Agitare dopo 15 minuti per rimuovere le microglia rimanenti. Rimuovere il surnatante cellulare non aderente, contare le cellule e piastarle su una superficie rivestita di poli-D-lisina alla concentrazione desiderata. Rimettere le cellule nell'incubatrice per almeno un'ora.

Quindi aspirare delicatamente il 95% del terreno e aggiungere lentamente il terreno OPC caldo, pipettandolo contro la parete del pozzetto per ridurre al minimo l'interruzione degli OPC. Questo metodo è stato utilizzato per dimostrare che la segnalazione dell'interferone gamma influenza la differenziazione e la maturazione dell'OPC. Senza il recettore dell'interferone gamma, le OPC corticali non si differenziano in oligodendrociti mielinizzanti maturi dice prontamente, il che è evidenziato dall'assenza di colorazione MBP.

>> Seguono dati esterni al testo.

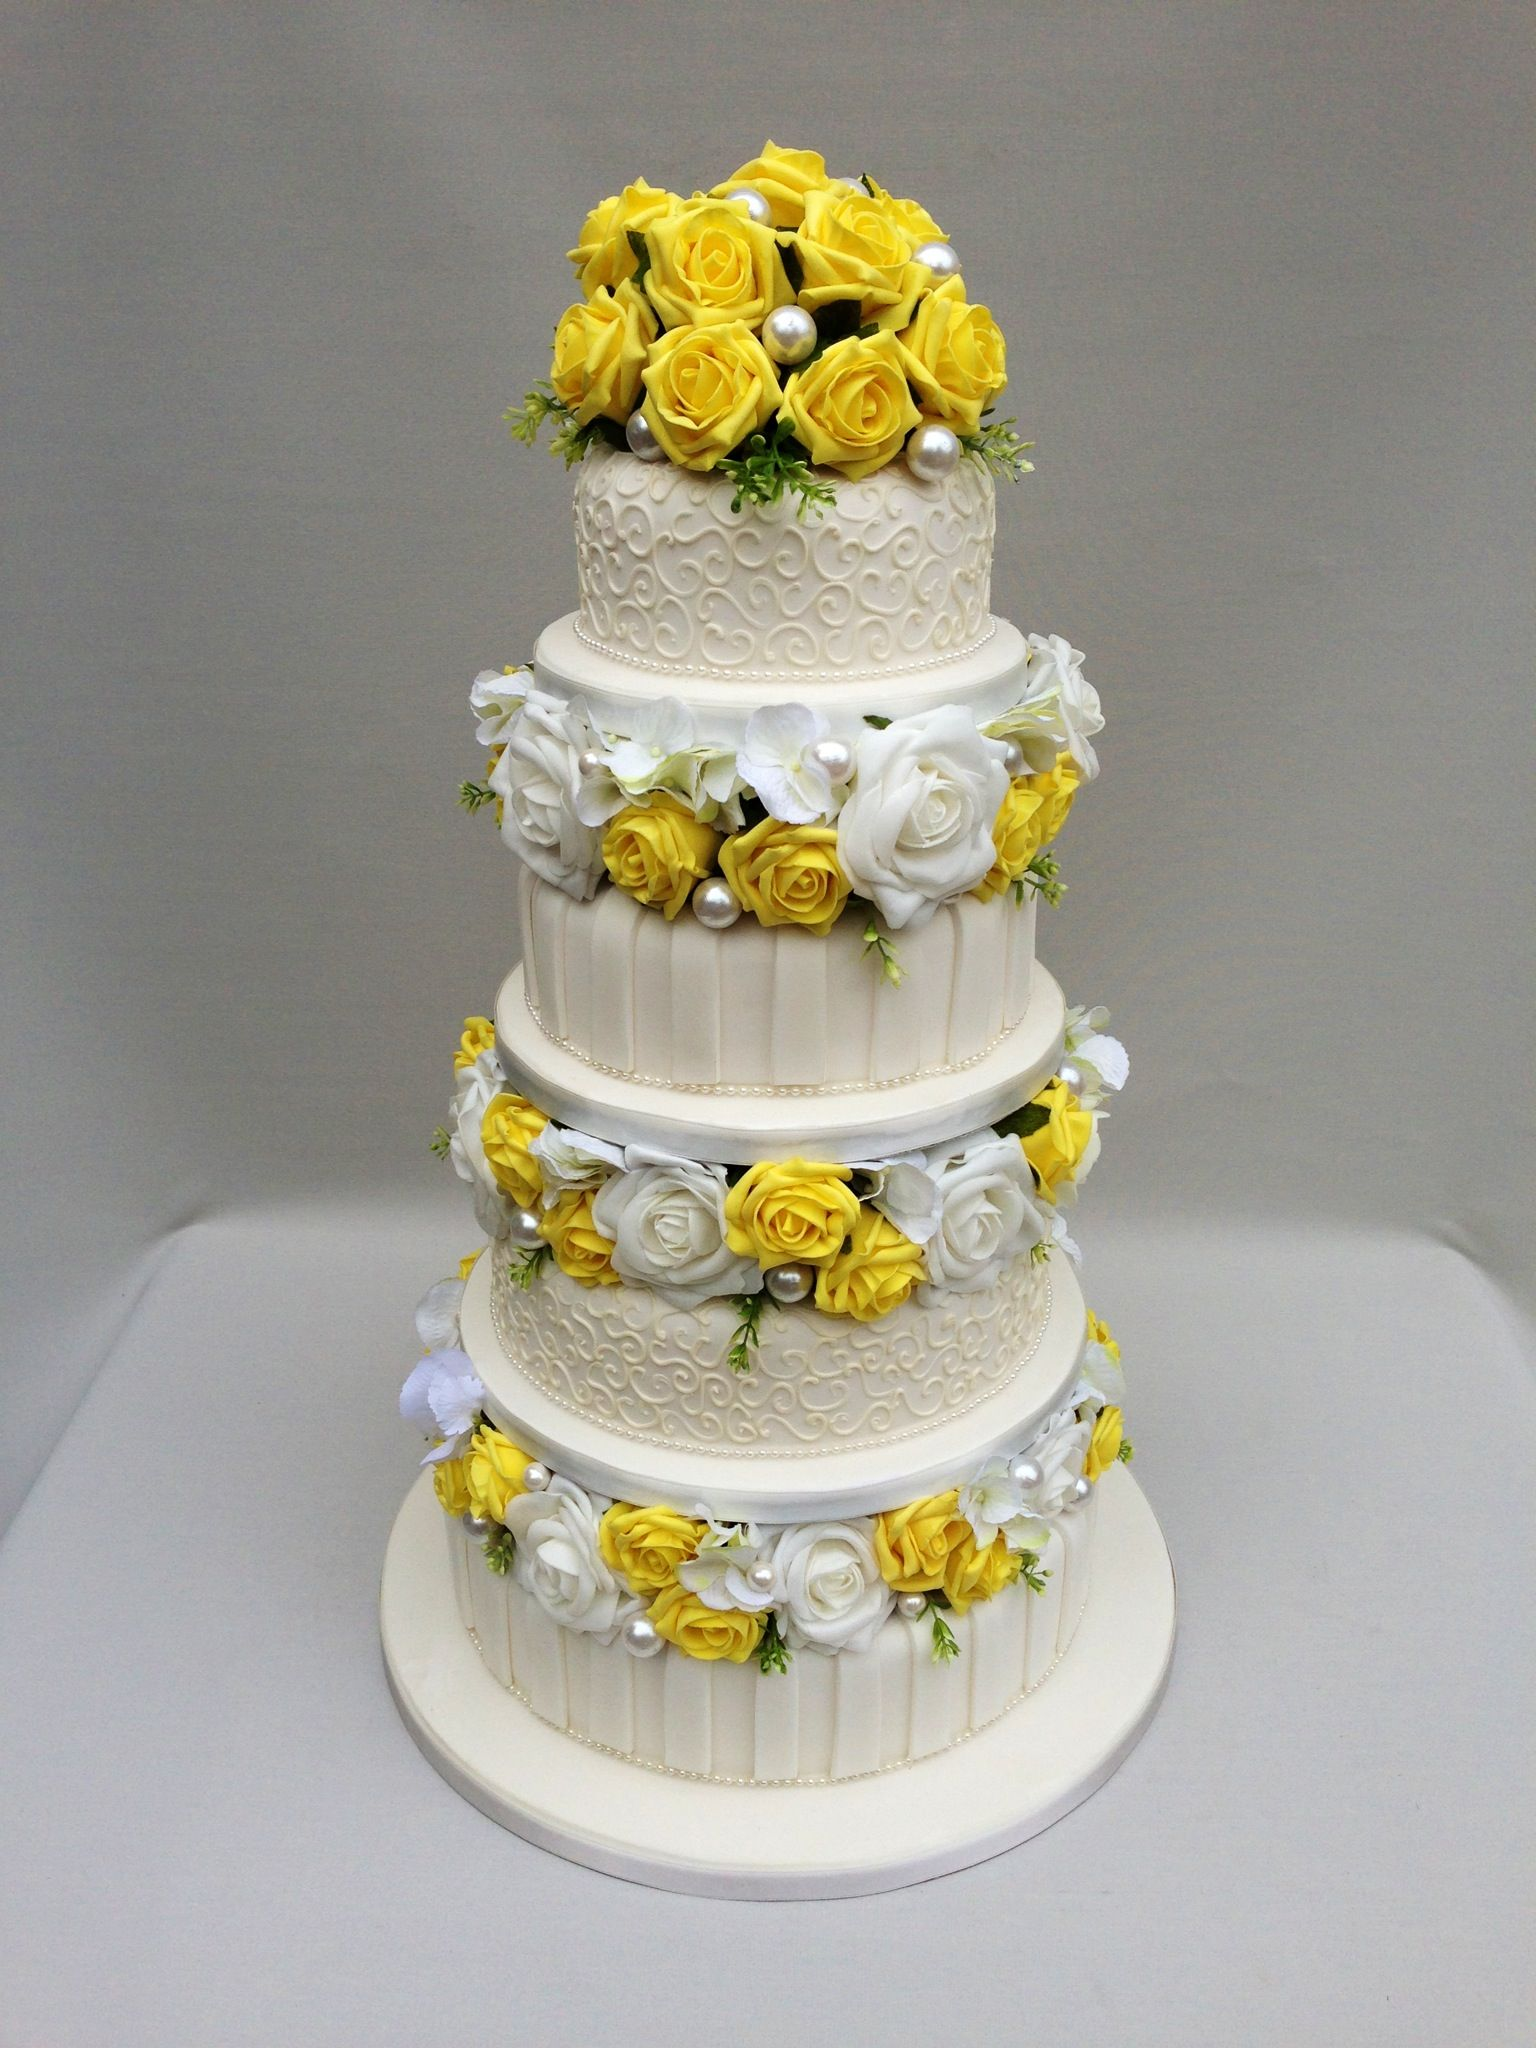 10++ 6 inch cake ring nz ideas in 2021

È stata analizzata anche l'espressione di GFAP. Le cellule carenti di interferone gamma esprimono fortemente la GFAP, suggerendo che potrebbero adottare un fenotipo astrocitico. L'eterogeneità regionale nelle cellule del SNC è evidenziata dalla diversa morfologia degli astrociti nella corteccia, nel cervelletto, nel tronco encefalico e nel midollo spinale.

Gli astrociti della stessa regione possono anche mostrare eterogeneità morfologica, supportando l'idea che questo sottotipo gliale sia altamente dinamico. Sono state esplorate anche le risposte regionali delle OPC alla stimolazione differenziale delle citochine. La segnalazione delle citochine influenza in modo significativo il comportamento delle cellule staminali e immunitarie e può influenzare il modo in cui le OPC si differenziano in oligodendrociti mielinizzanti maturi.

Dopo l'isolamento delle cellule gliali regionali, le cellule possono essere utilizzate in una varietà di condizioni sperimentali e acide utilizzando diverse tecniche, tra cui l'immunoistochimica, la PCR quantitativa in tempo reale e il Western blotting.